ベッドの上でマリルに馬乗りになっていたトリイはぴたりと動きを止める。
マリルの顔には恐怖の表情が貼り付いている。その顔は理解できない魔物でも見るようにトリイを見つめている。
恐ろしくて醜い、救いようのない魔物に心底怯えている。
その顔を見た途端、トリイはマリルの上から下りていた。
「…悪かった」
トリイが自分から距離を取るのを見届けてマリルはベッドから降りた。震えが収まるように何度か深呼吸し、マリルは告げる。
「私は無理強いされるのは好きではないわ」
声音は固く、トリイとの間の距離はもっと遠くなるように感じる。少し乱れた着衣を直し、マリルはトリイの横を通りすぎる。部屋の出口に向かい、そのまま扉に手を掛けた。
「おやすみなさい」
今度は振り返らずにマリルは扉を開けて出て行った。






部屋に戻ってきたマリルは扉を閉めた途端に座り込んだ。
心臓は早鐘のように未だに音を立て続けている。手のひらにはじんわりと汗までかいていた。
「…怖かった」
男の人の力だった。マリルの力では逃げられないと思い知らされた。
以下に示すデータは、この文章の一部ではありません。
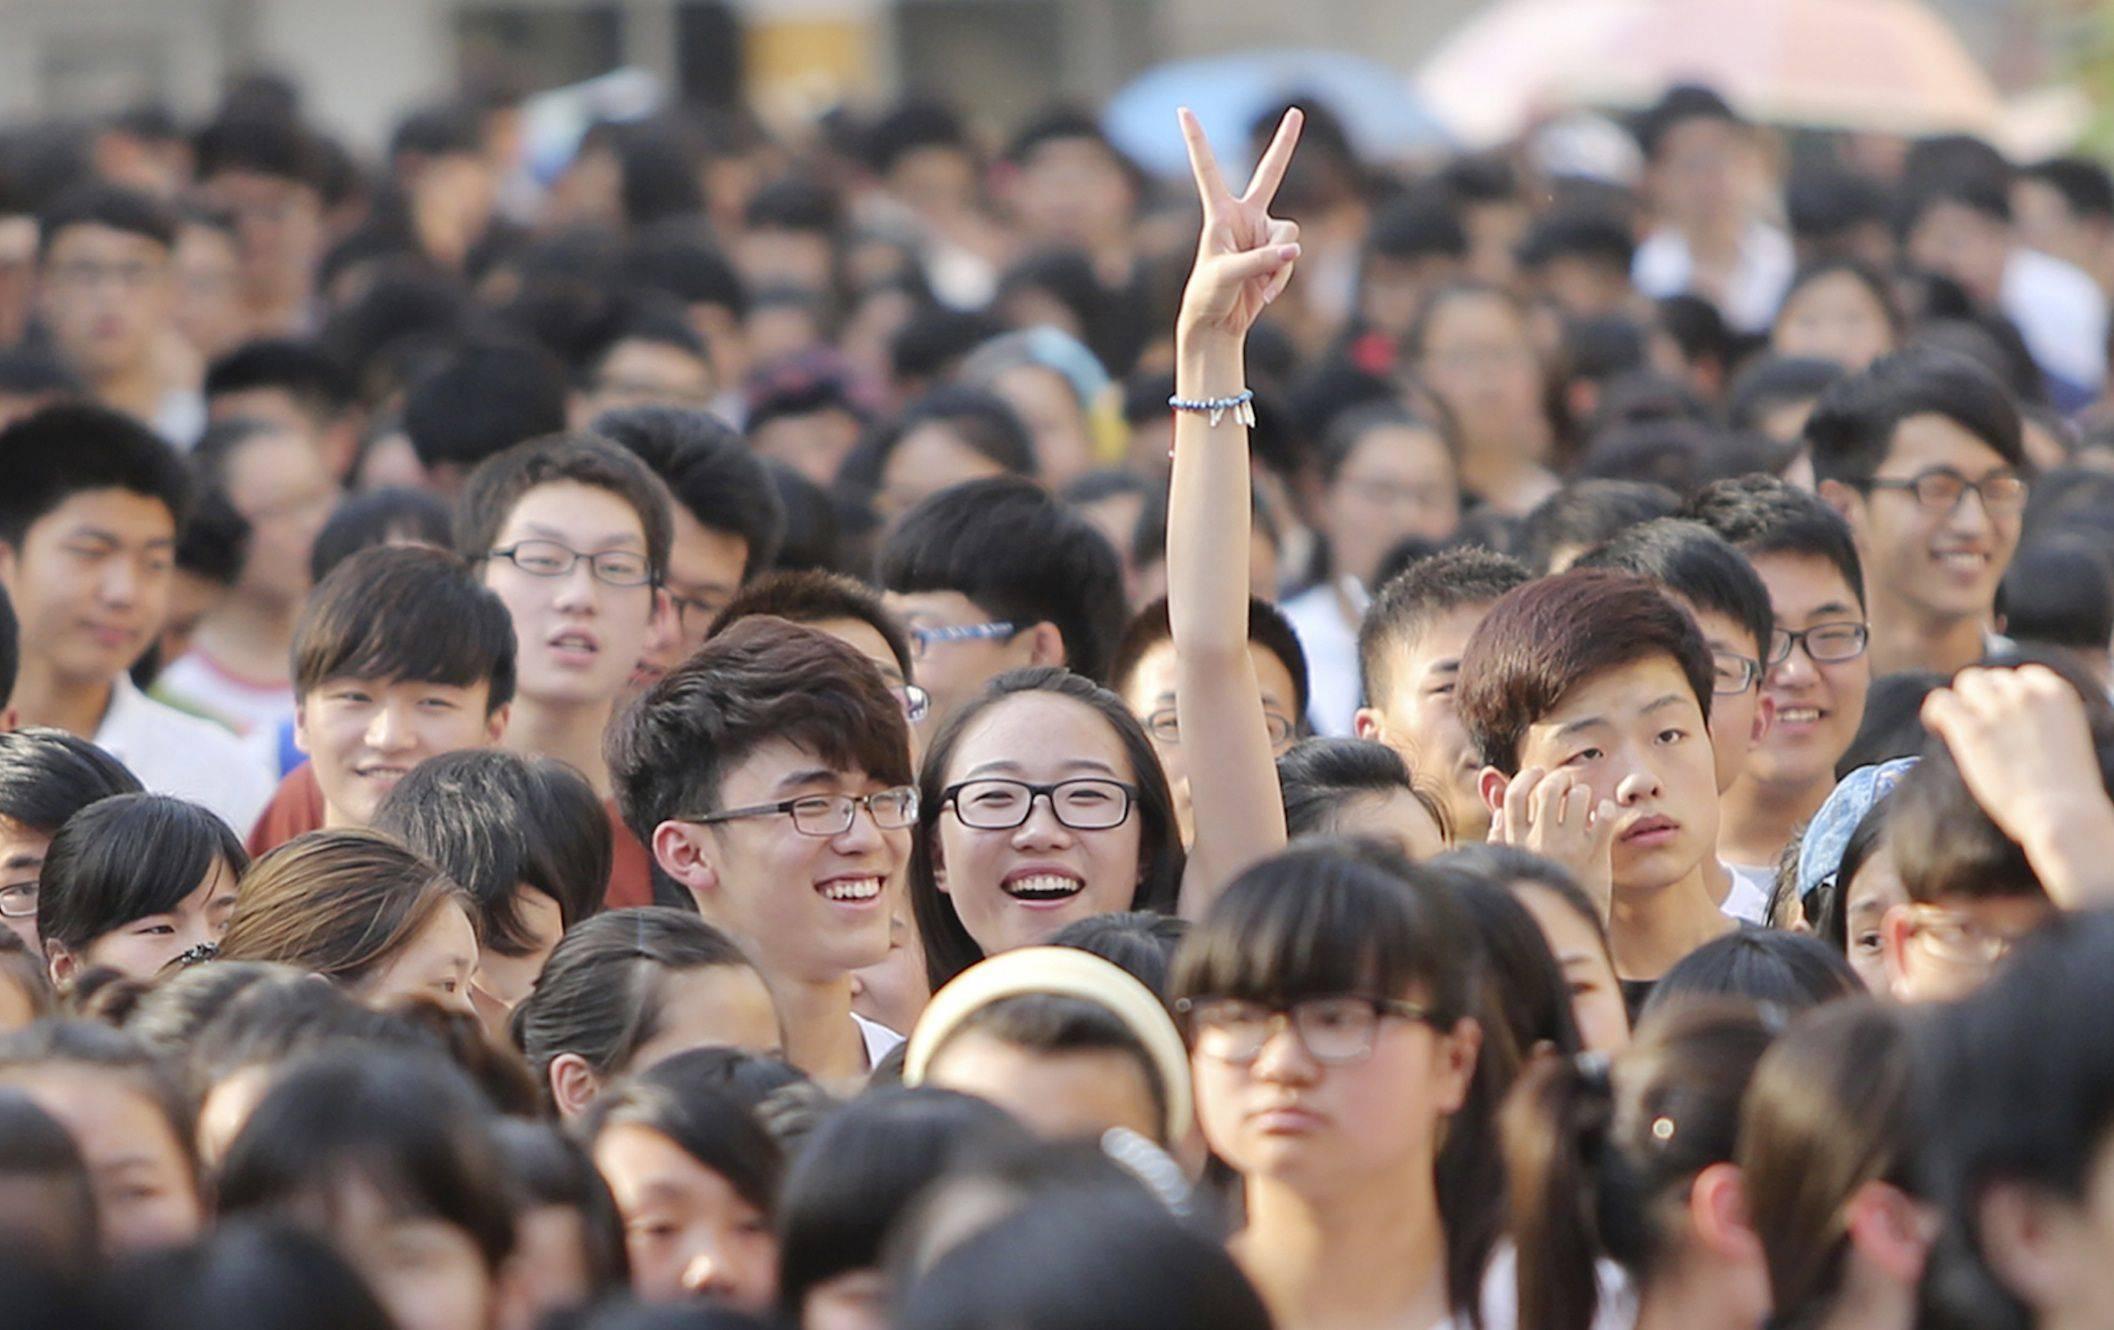 Жизнь в китае: плюсы и минусы для эмигрантов

昨日の優しく抱き締めてくれた人物と同一人物だとは思えない暴力的な何かがそこにあった。それは飢えた肉食動物が草食動物を狩る感覚に似ているように思える。
相手の意思など関係なく、欲望のままに行動する傲慢さとそれを許されている強さが、マリルにはこの上なく気に入らない。
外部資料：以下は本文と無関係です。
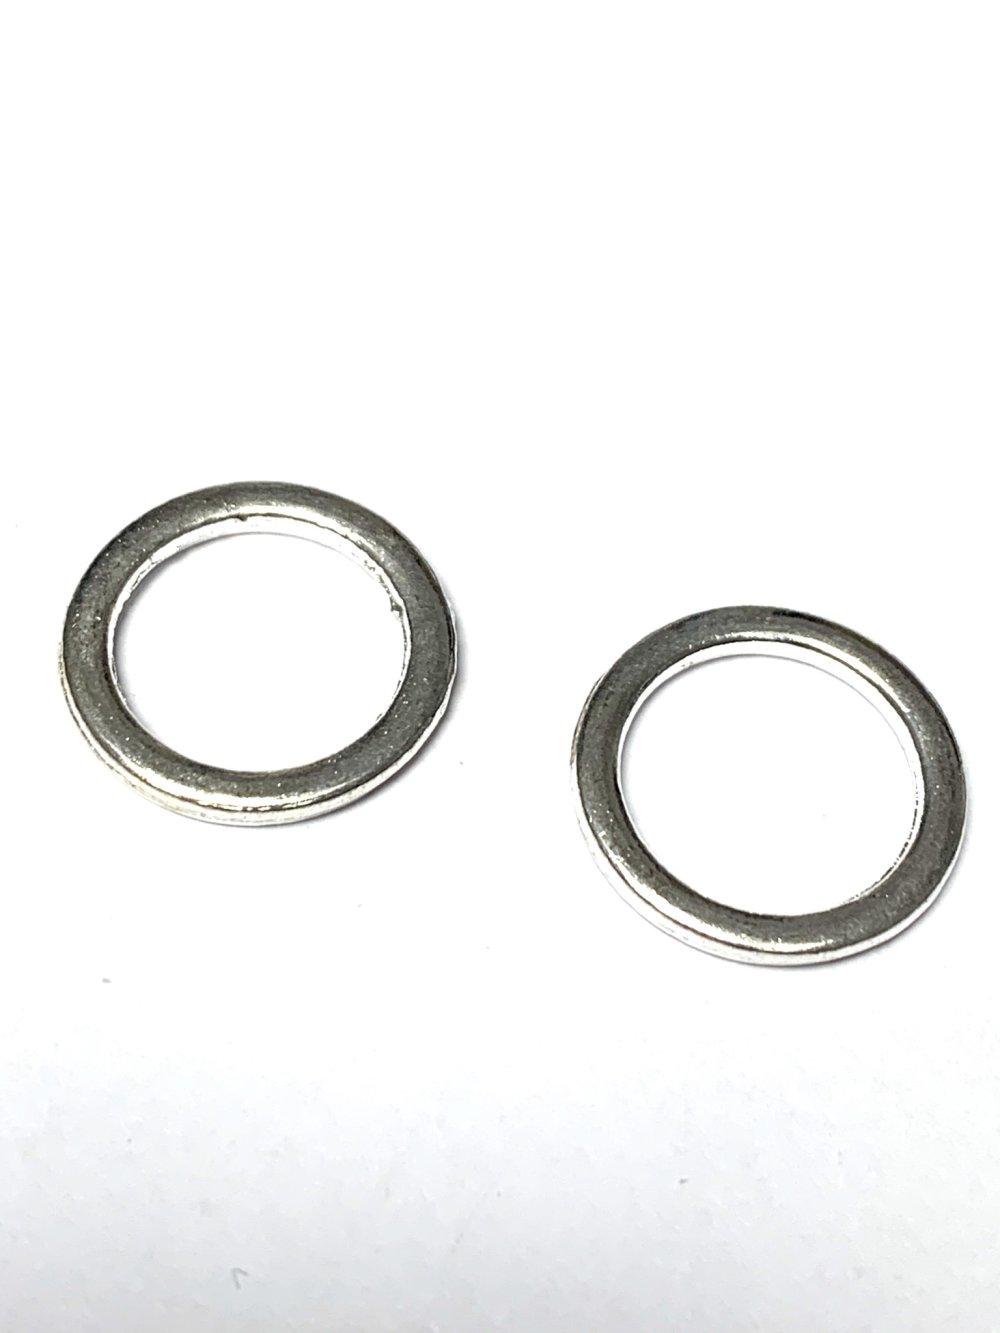 2 anneaux fermés 1,9cm de diamètre

そんな風に自分が扱われることを享受することはできない。
それなのに、もっと触れて欲しいと思う自分がいることにマリルは衝撃を受けていた。
無理強いは嫌だ。
けれど、もしそうでないのなら、マリルはトリイを受け入れていたかもしれない。
そう思うと自分がとてつもなく自堕落な卑しい生き物に思える。
「あんな顔…」
自分を責めるような顔をトリイにさせたい訳ではない。
できれば笑って部屋を退出したかった。トリイに見せる最後の顔は笑顔にしたかった。残念ながらそれはできなかったが、勝手に出ていくマリルをトリイは許してはくれないだろう。
「…もう寝よう」
いつまでも後悔しても仕方ないとマリルは立ち上がる。重い体を引きずってベッドまで行くとそのまま眠りに落ちた。



翌日、マリルは王宮を出て行った。
特にこそこそすることもなく、堂々と城門を出る。
マリルは質素な平民の服に着替え、午後を迎えてすぐに行動に移した。
アクリスとトリイはその日は午後から人と会う約束があると前々から聞いていたから、マリルは誰に見られることもなく城門まで来れた。
一度、アクリスとお忍びで城下町に行った経験が活かされている。
その上マリルの顔は王宮内でもあまり知らされていない。
数人出会ったメイドも衛兵も王宮に食材か花でも持ってきた町娘くらいにしか思っていないようだった。
門の脇にいる兵士に軽く会釈し、マリルはそのままそこを出て行った。